Yuma Sun

Federal judge rejects state’s efforts to deny driver’s licenses to DACA enrollees

- BY HOWARD FISCHER

PHOENIX — A federal judge has swatted down efforts by the Ducey administra­tion to deny licenses to some deferred action recipients even after a federal appeals court ruled that such a move was illegal for others.

In a sometimes sharply worded ruling, Judge David Campbell pointed out that the 9th Circuit Court of Appeals told Arizona in no uncertain terms years ago that “dreamers’’ with certain Employment Authorizat­ion Documents are lawfully present in this country and cannot be denied licenses. Since then, the state has complied and those in the Deferred Action for Childhood Arrivals program have been licensed.

Yet state officials have refused to provide licenses to others in different deferred action programs to whom the federal government issued the exact same employment documents, like domestic violence victims. And that, said Campbell, is illegal.

“The federal government makes no distinctio­n,’’ the judge wrote.

In his new ruling, Campbell also said the record shows the state has been playing litigation games, changing its policies in an attempt at first to justify denying licenses to dreamers and, when that didn’t work, to deny licenses to other deferred action recipients.

Gubernator­ial press aide Daniel Scarpinato said the governor and the state Department of Transporta­tion, who have been using taxpayer dollars to hire a private attorney to defend the policy, will be reviewing the ruling before deciding how to respond and whether to appeal.
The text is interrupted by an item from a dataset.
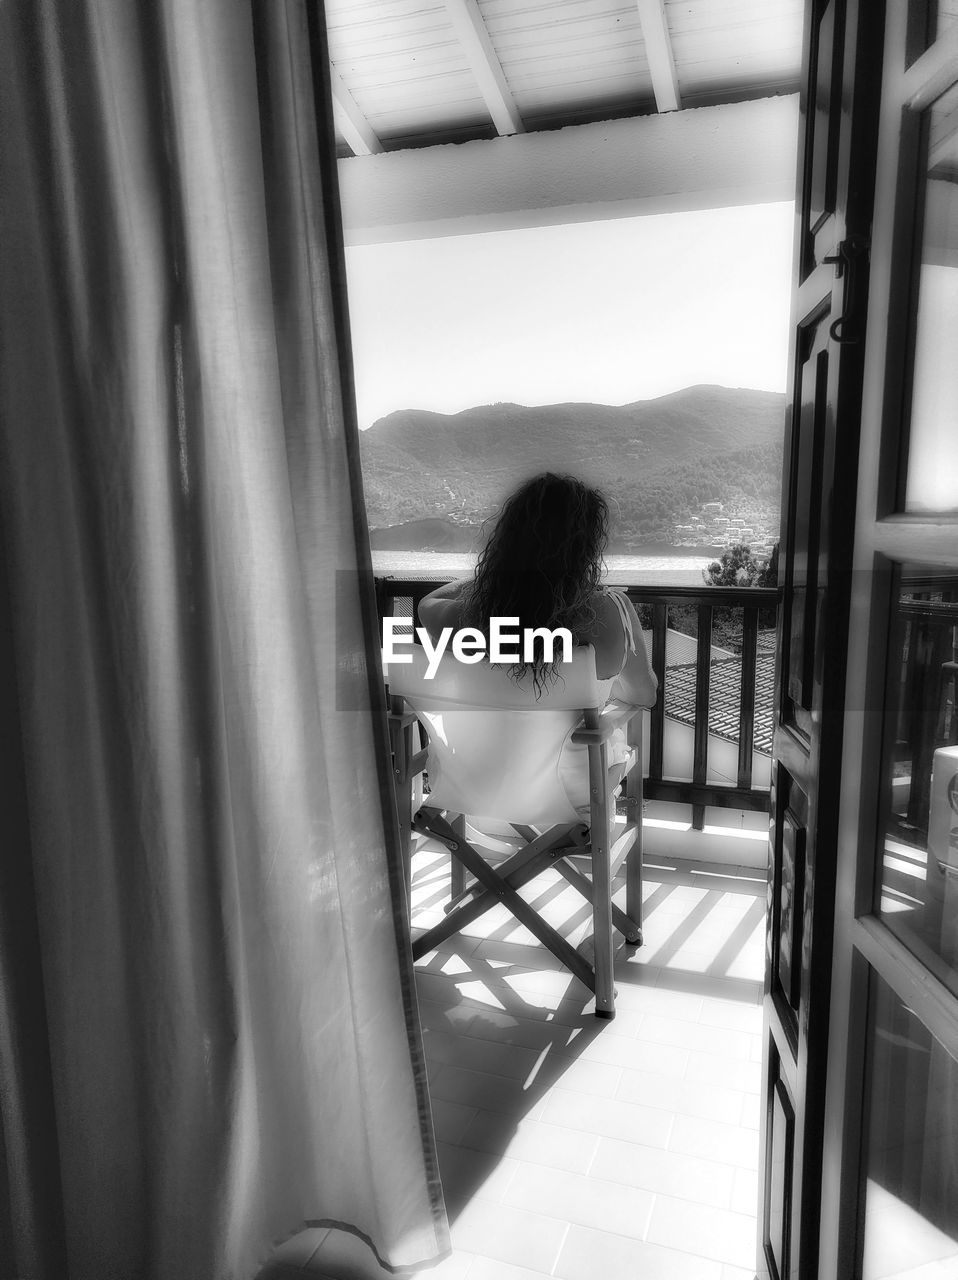 black, black and white, one person, women, white, adult, monochrome photography, indoors, window, lifestyles, rear view, monochrome, sitting, leisure activity, day, full length, young adult, nature, home interior, architecture, female, looking, interior design, relaxation, casual clothing, person, glass, looking through window, hairstyle
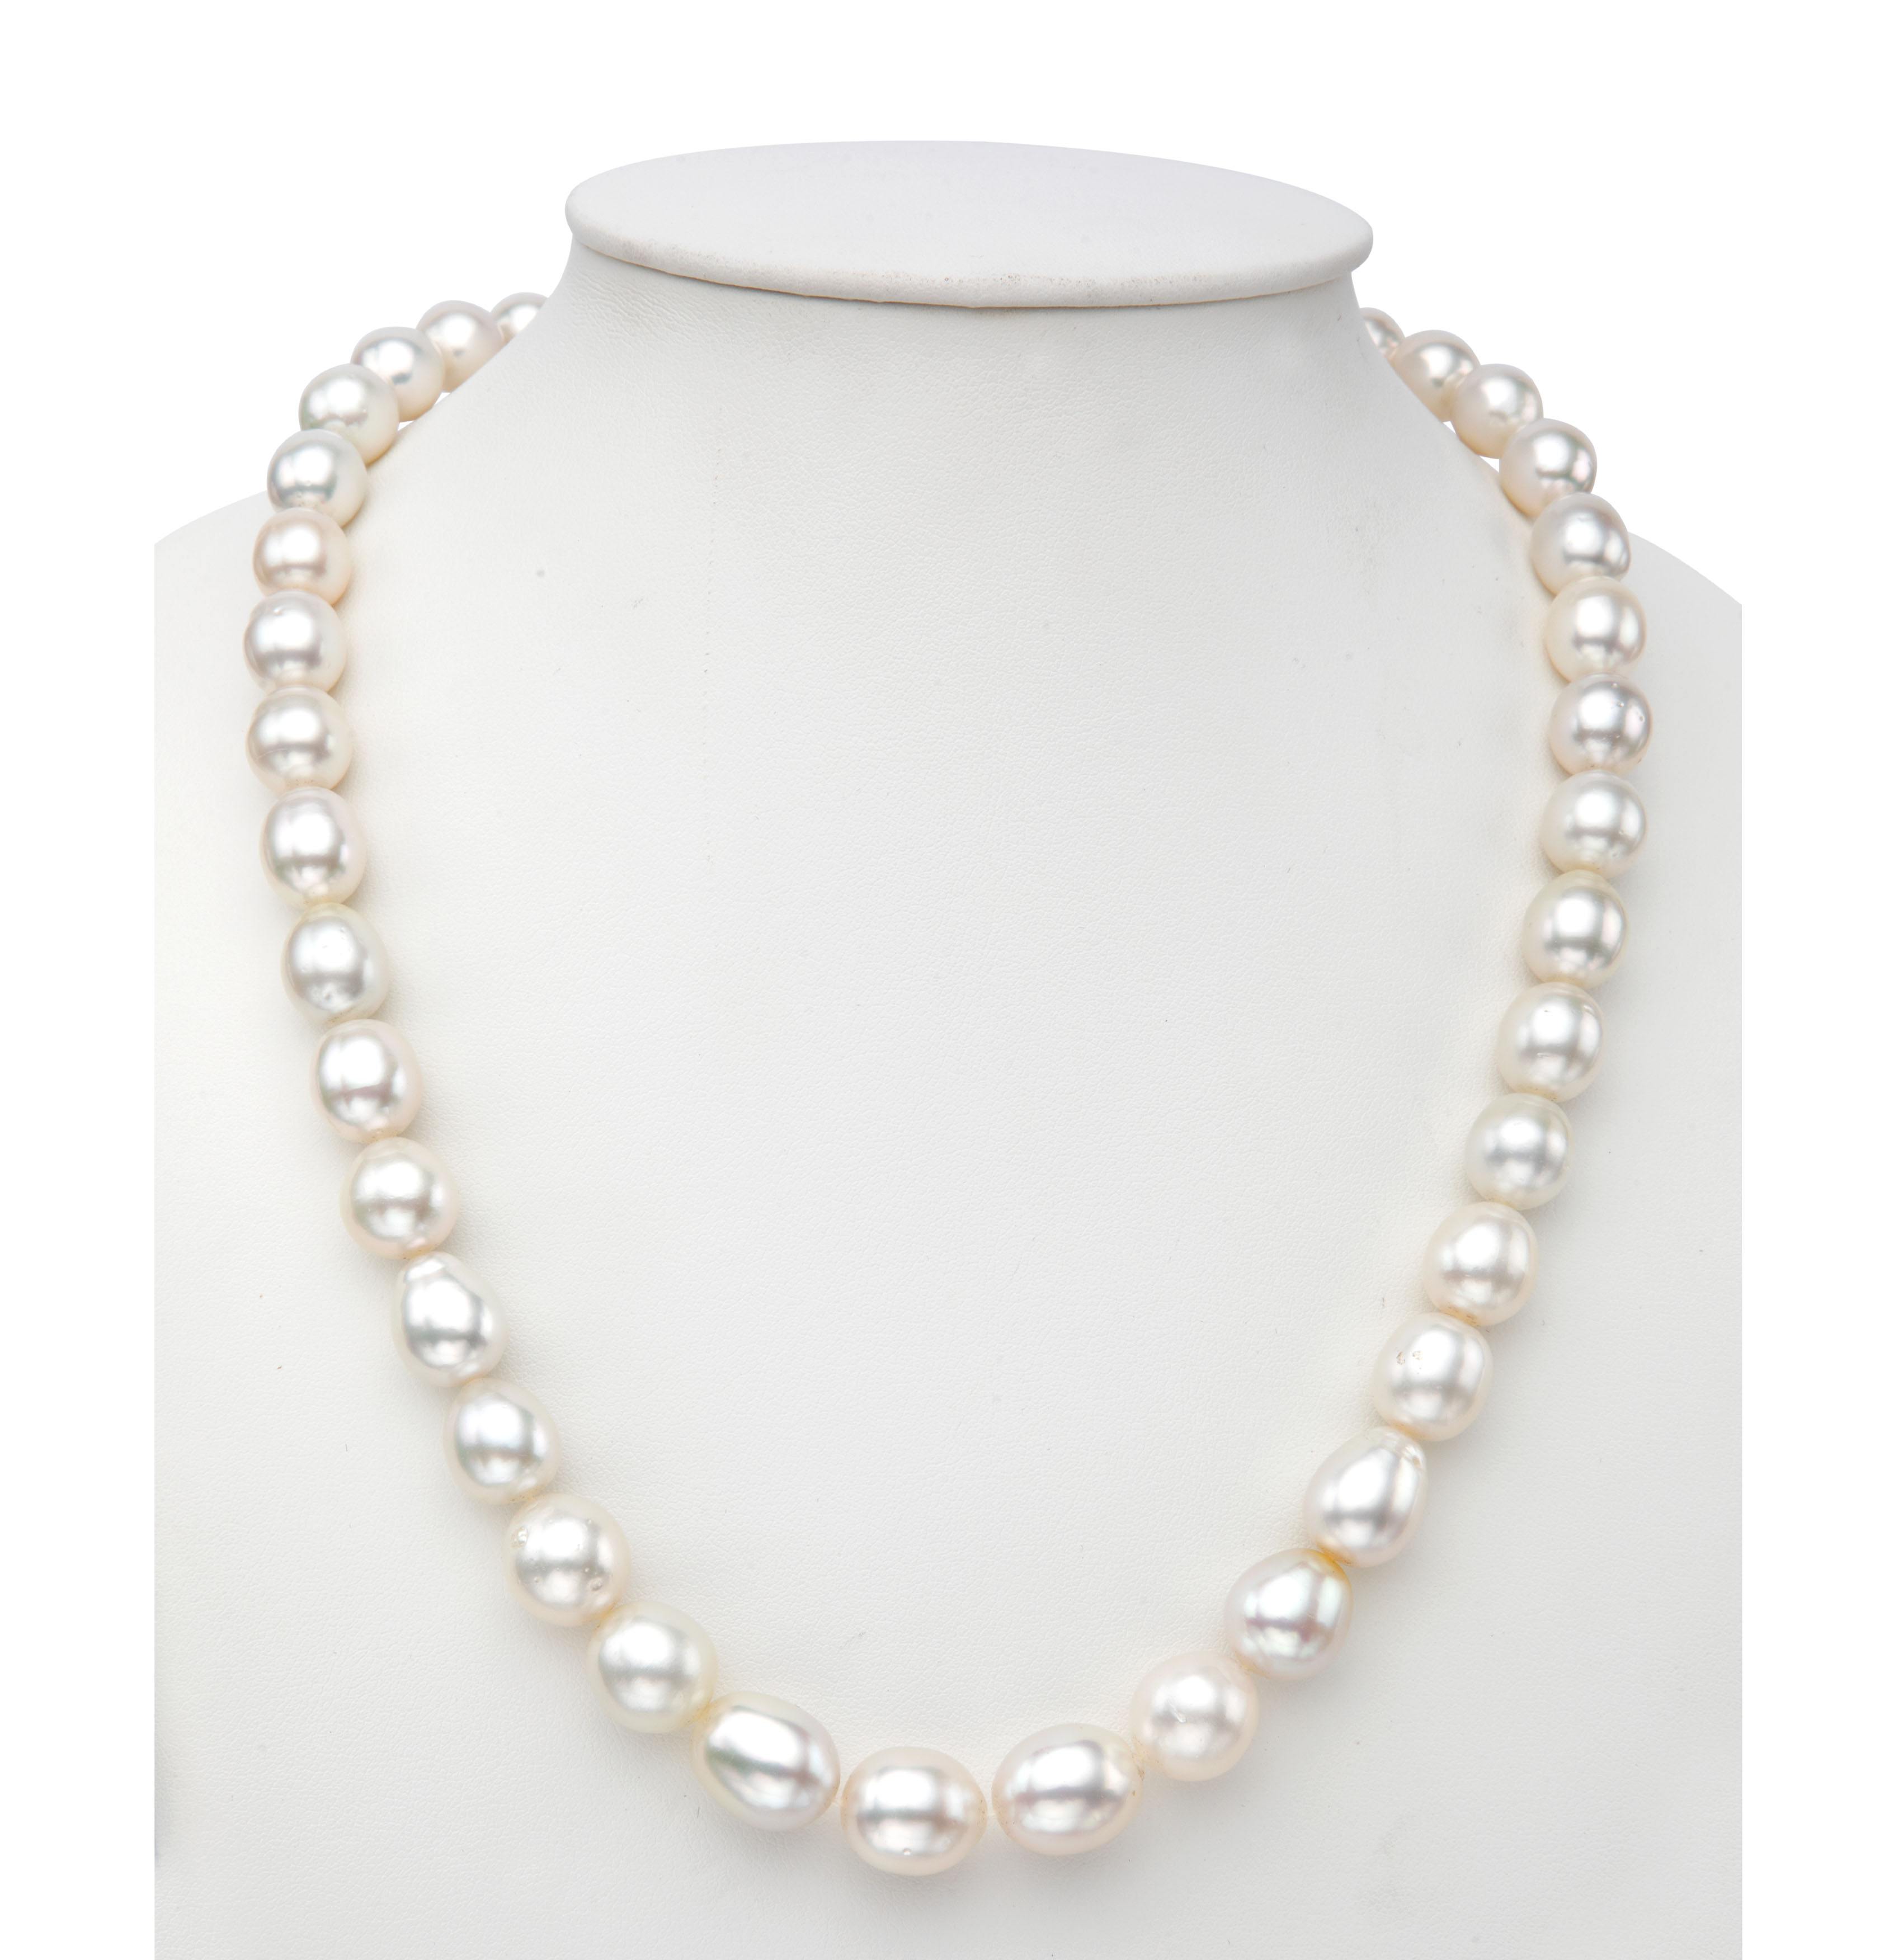 9.0-12.0mm White South Sea Pearls Grading Necklace Set-AAA Quality ...

But Nicolas Espiritu, an attorney with the National Immigratio­n Law Center, said it is a clear -- and crucial -- victory for potentiall­y 1,000 people who the state has been arguing should not get a license to drive.

“These individual­s will be able to go into MVDs throughout the state and present the same documents as all other individual­s who are just like them, who have a document that proves their identity and proves their authorizat­ion to be in the country, and they’ll be able to get a driver’s license,’’ he said.

The case is a spinoff of the original lawsuit filed against the state after then-Gov. Jan Brewer directed ADOT not to issue licenses to those who were part of the Deferred Action for Childhood Arrivals program enacted by the Obama administra­tion. That program allows those who arrived in this country as children to remain without fear of deportatio­n.